Tout en roulant, Jean se mit à réfléchir à ce qu’il allait pouvoir faire de lui en cette nuit de Noël. L’inviter à leur table ? il était si mal habillé qu’il risquait de faire peur à sa fille ; de plus, il ne parlait pas. Lui proposer la pièce au sous-sol jusqu’au lendemain et avertir les services sociaux ? …Oui, c’est ça, pensa t’il. Je mettrai le chauffage dans la pièce, j’ouvrirai le canapé, je lui donnerai à manger et demain matin je l’emmènerai au secours catholique…je lui donnerai mon vieux manteau qui est presque neuf, les bottes de neige que je ne porte plus et mes vieux gants de ski pour remplacer les chiffons qui entourent ses mains…
Et si je l’invitais quand même à notre table ? il ne va quand même pas passer la veillée de Noël seul ? …comme il entrait enfin dans l’allée menant à sa villa, il quitta la route des yeux et se tourna vers son passager pour lui proposer de partager le repas de Noël avec eux…son coeur bondit. La surprise était telle qu’il fit une embardée et failli sortir du chemin : le siège à côté de lui était vide !
Seule une petite enveloppe attira son regard. Les doigts tremblant, Jean en sortit une petite feuille de papier froissé. Ce qu’il lût le bouleversa … « car j’ai eu faim et vous m’avez donné à manger, j’ai eu soif et vous m’avez donné à boire ; j’étais étranger et vous m’avez accueilli ; nu et vous m’avez vêtu ; j’étais malade et vous m’avez visité ; j’étais en prison et vous êtes venus vers moi »…
Plus bas, il était écrit : « Jean, je te le dis, dans la mesure où tu as fait cela à l’un de ces petits qui sont mes frères, c’est à moi que tu l’as fait » …Mais je ne l’ai même pas fait, pensa Jean très fort…une autre pensée s’imprima très fort dans son esprit, comme si l’inconnu lui parlait à l’oreille : « Oui, mais j’ai lu dans ton coeur que tu en avais l’intention, cela me suffit…profite de cette soirée avec ta famille et n’oublie pas de rappeler à ton épouse et à tes enfants que je suis réellement venu en chair vivre au milieu des hommes et que j’ai donné ma vie sur la croix pour racheter vos péchés et vous donner la vie éternelle en mon nom. »
Quand Jean entra dans la cuisine, couvert de neige et les victuailles serrées dans ses bras, son visage brillait comme une lampe.

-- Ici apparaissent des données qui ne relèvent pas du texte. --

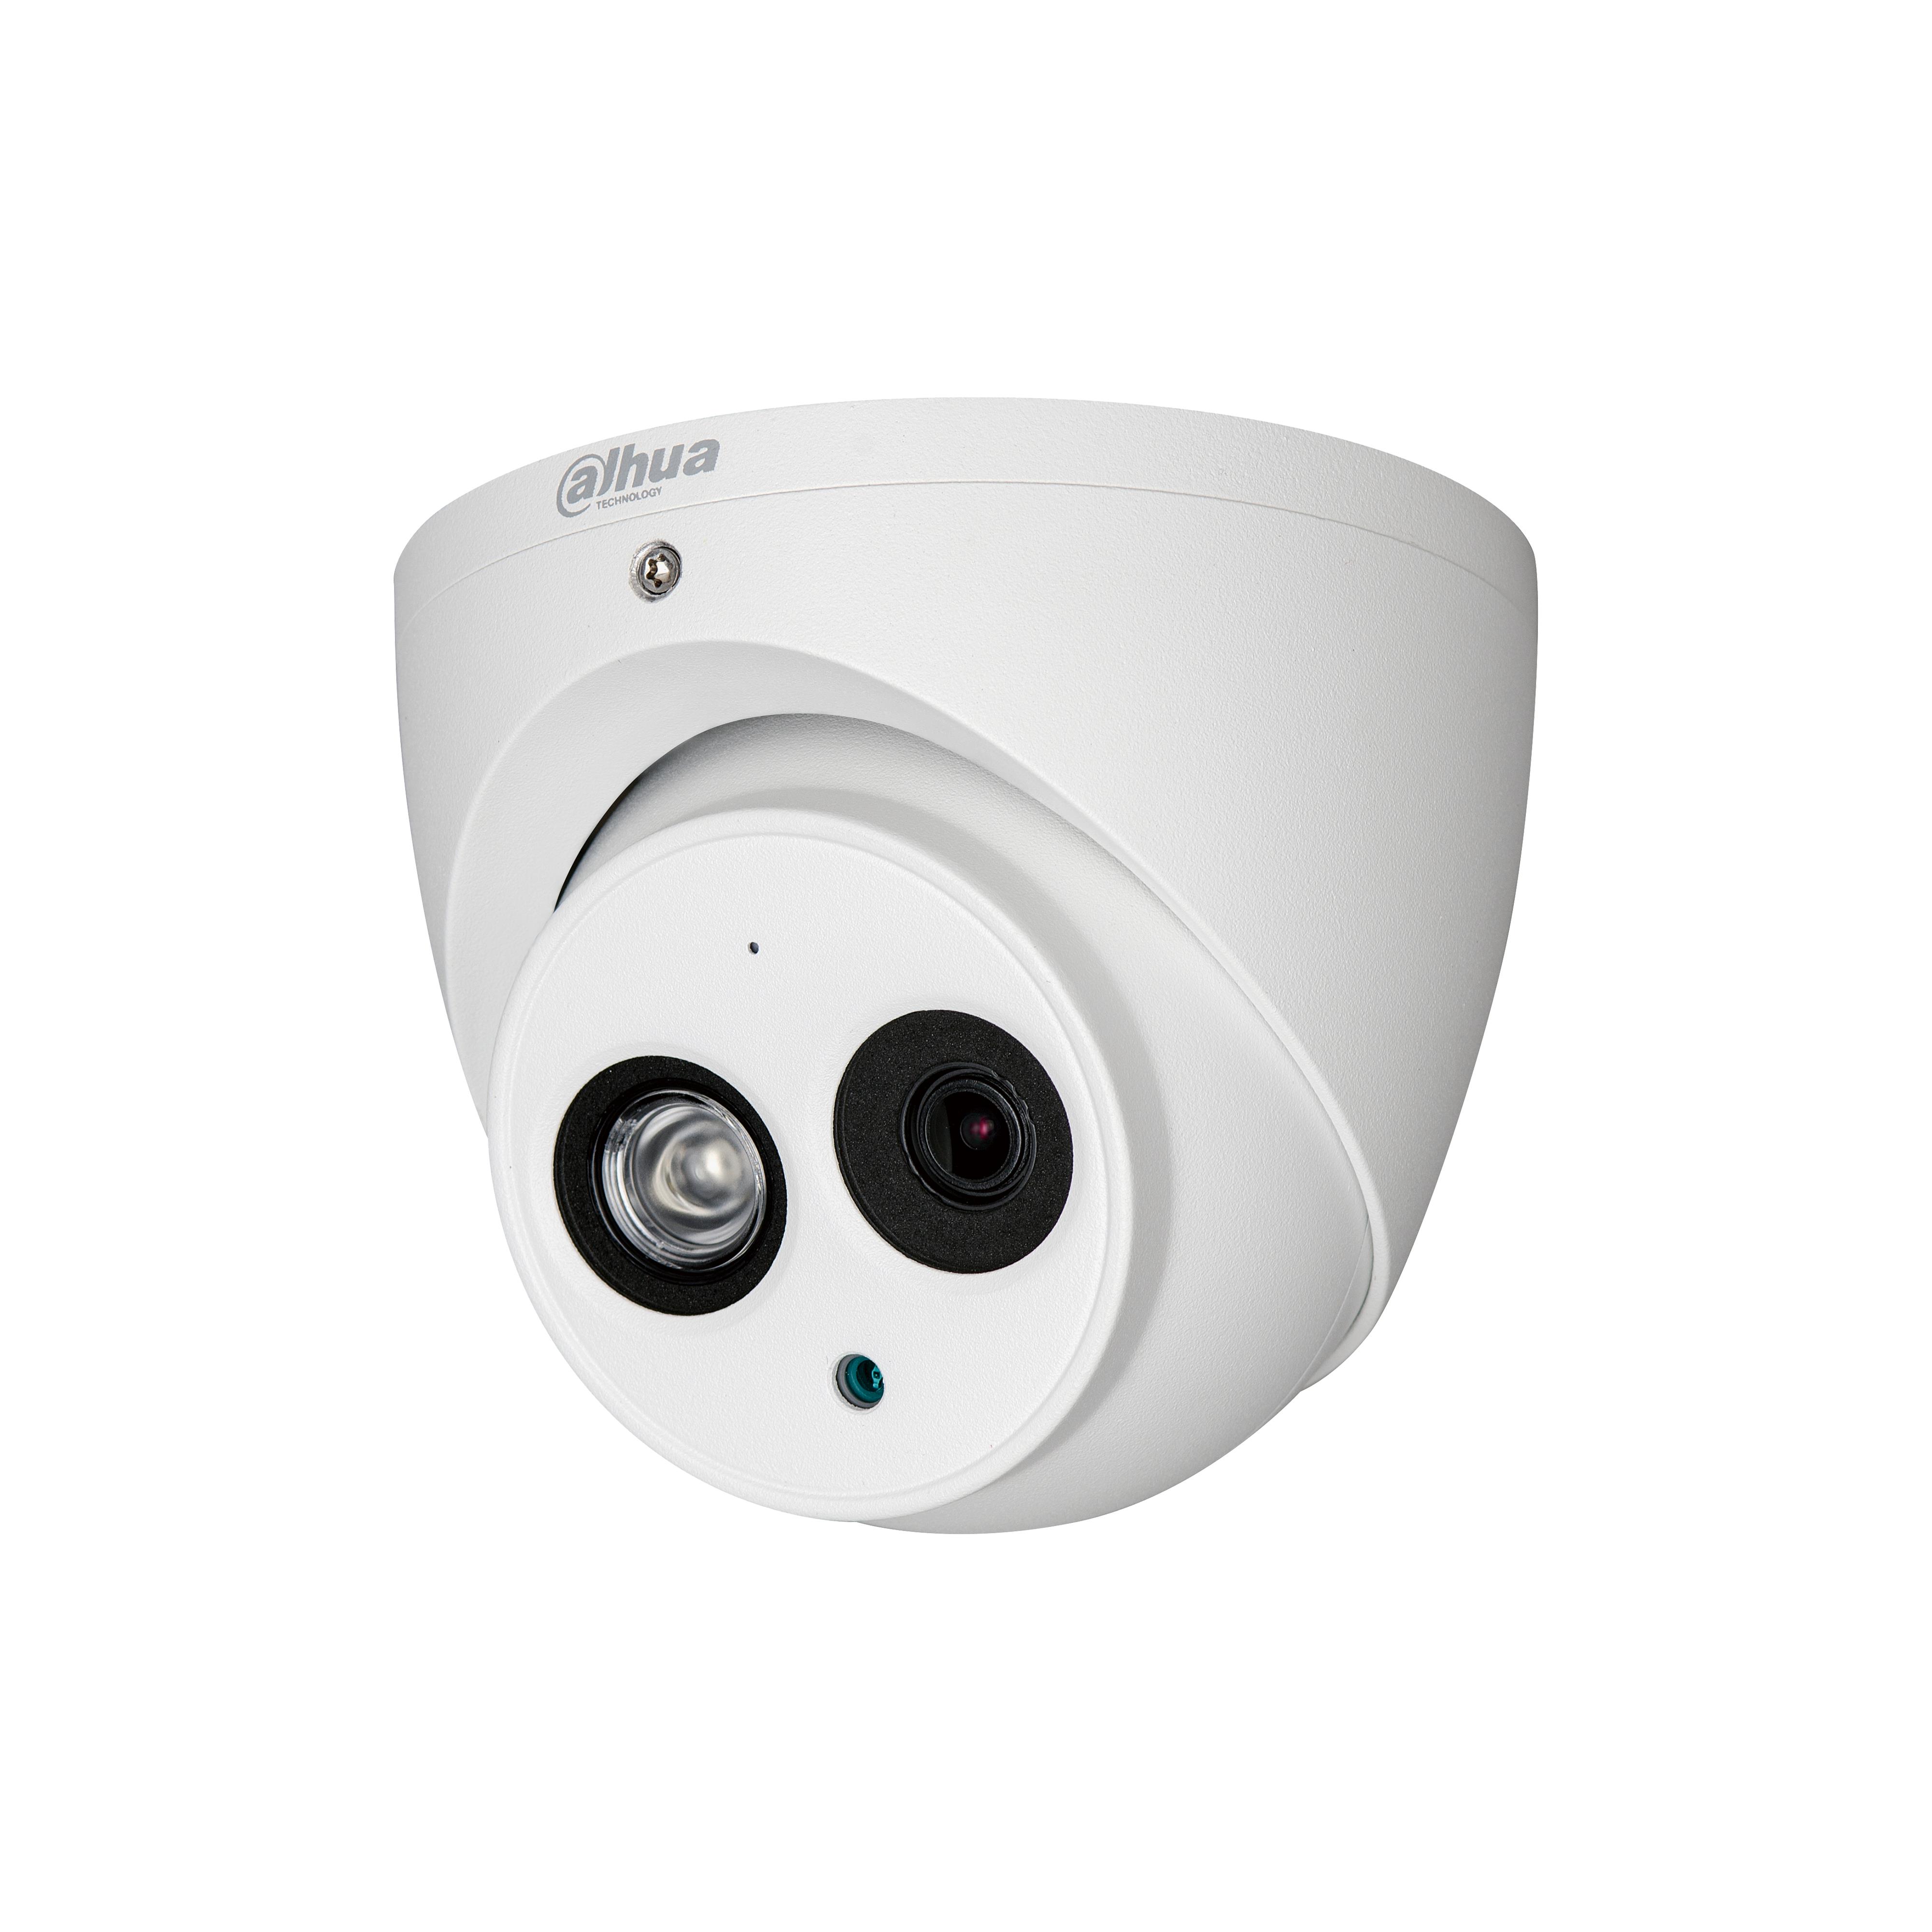 Dahua - DAHUA Security Camera CCTV Europe Lite hac-hdw1230em-a-0280b
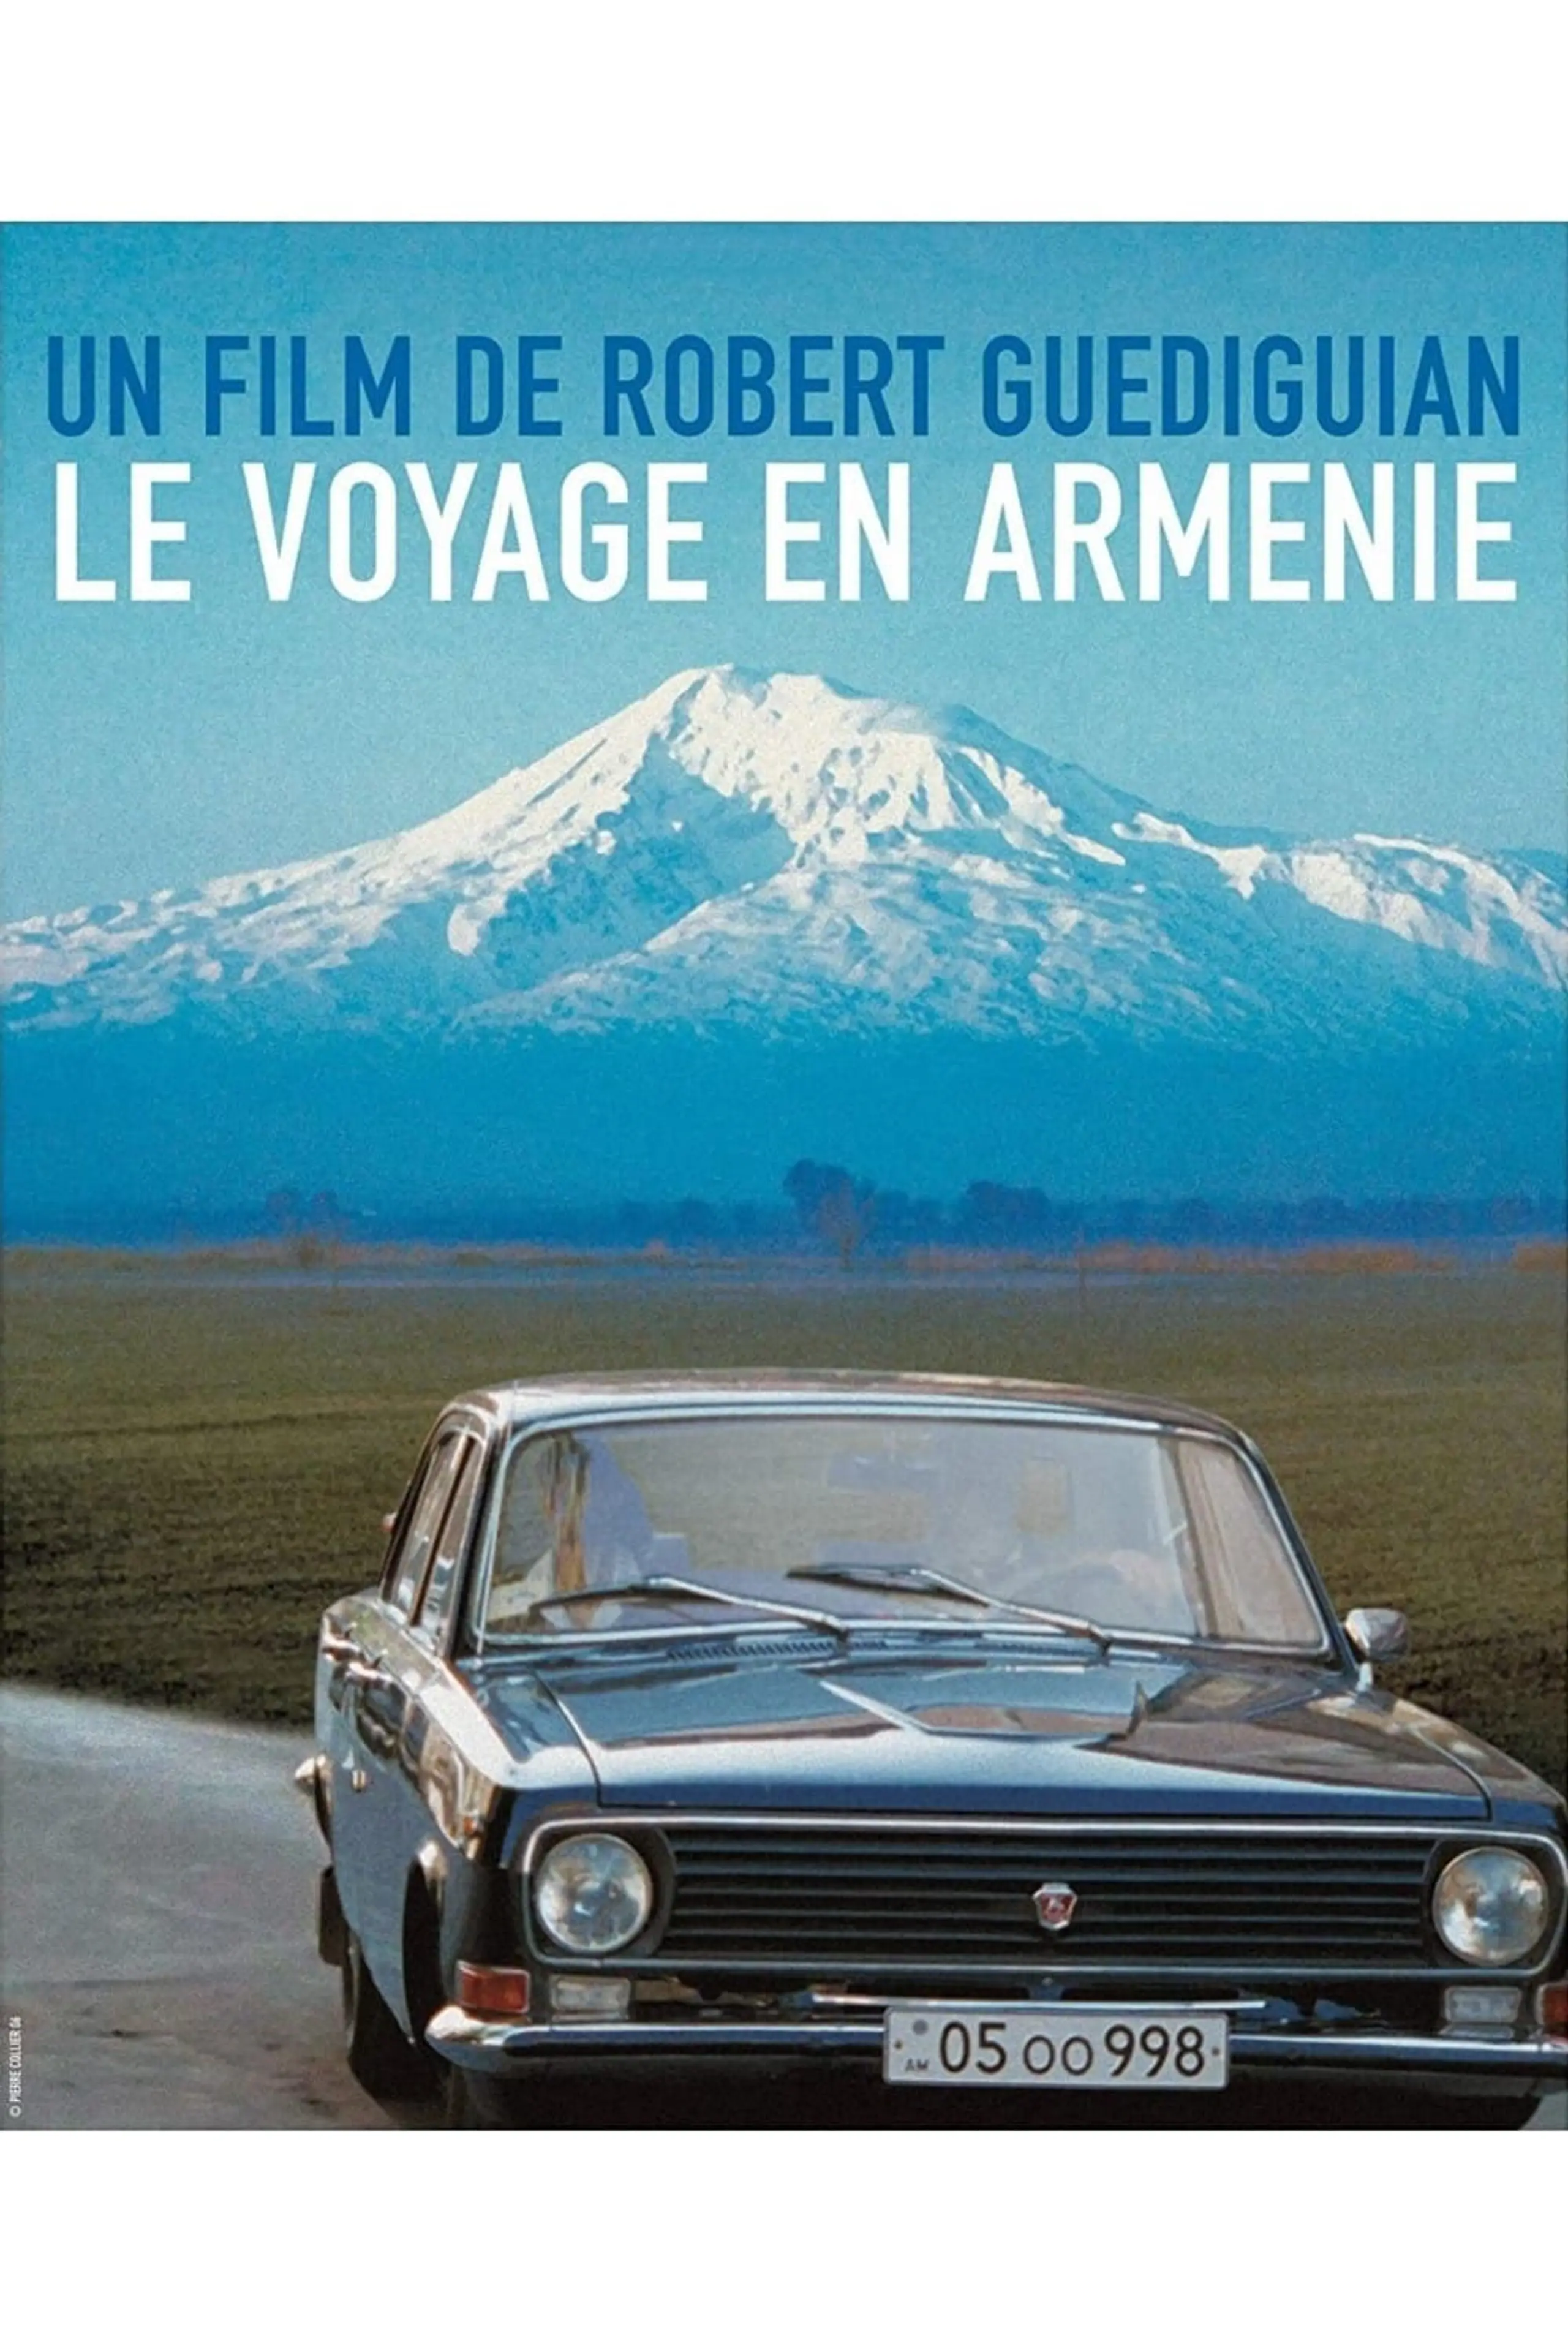 Le Voyage en Arménie

Louise se jeta sur lui en criant :

– Ouais, chouette, papa amène encore des cadeaux !
– Ce ne sont pas des cadeaux, ma chérie, la reprit Annie, ce sont des aliments pour le repas de Noël…mais qu’as-tu Jean, tu as l’air ailleurs ?
– J’ai fait une rencontre…
– Tu as rencontré le père Noël en chemin, lui demanda Louise ?
– Non, mais un ange ou Jésus lui-même, je ne sais pas… il sortit l’enveloppe de sa poche et la leur montra.
– C’est quoi papa ? il n’y a que du papier froissé à l’intérieur…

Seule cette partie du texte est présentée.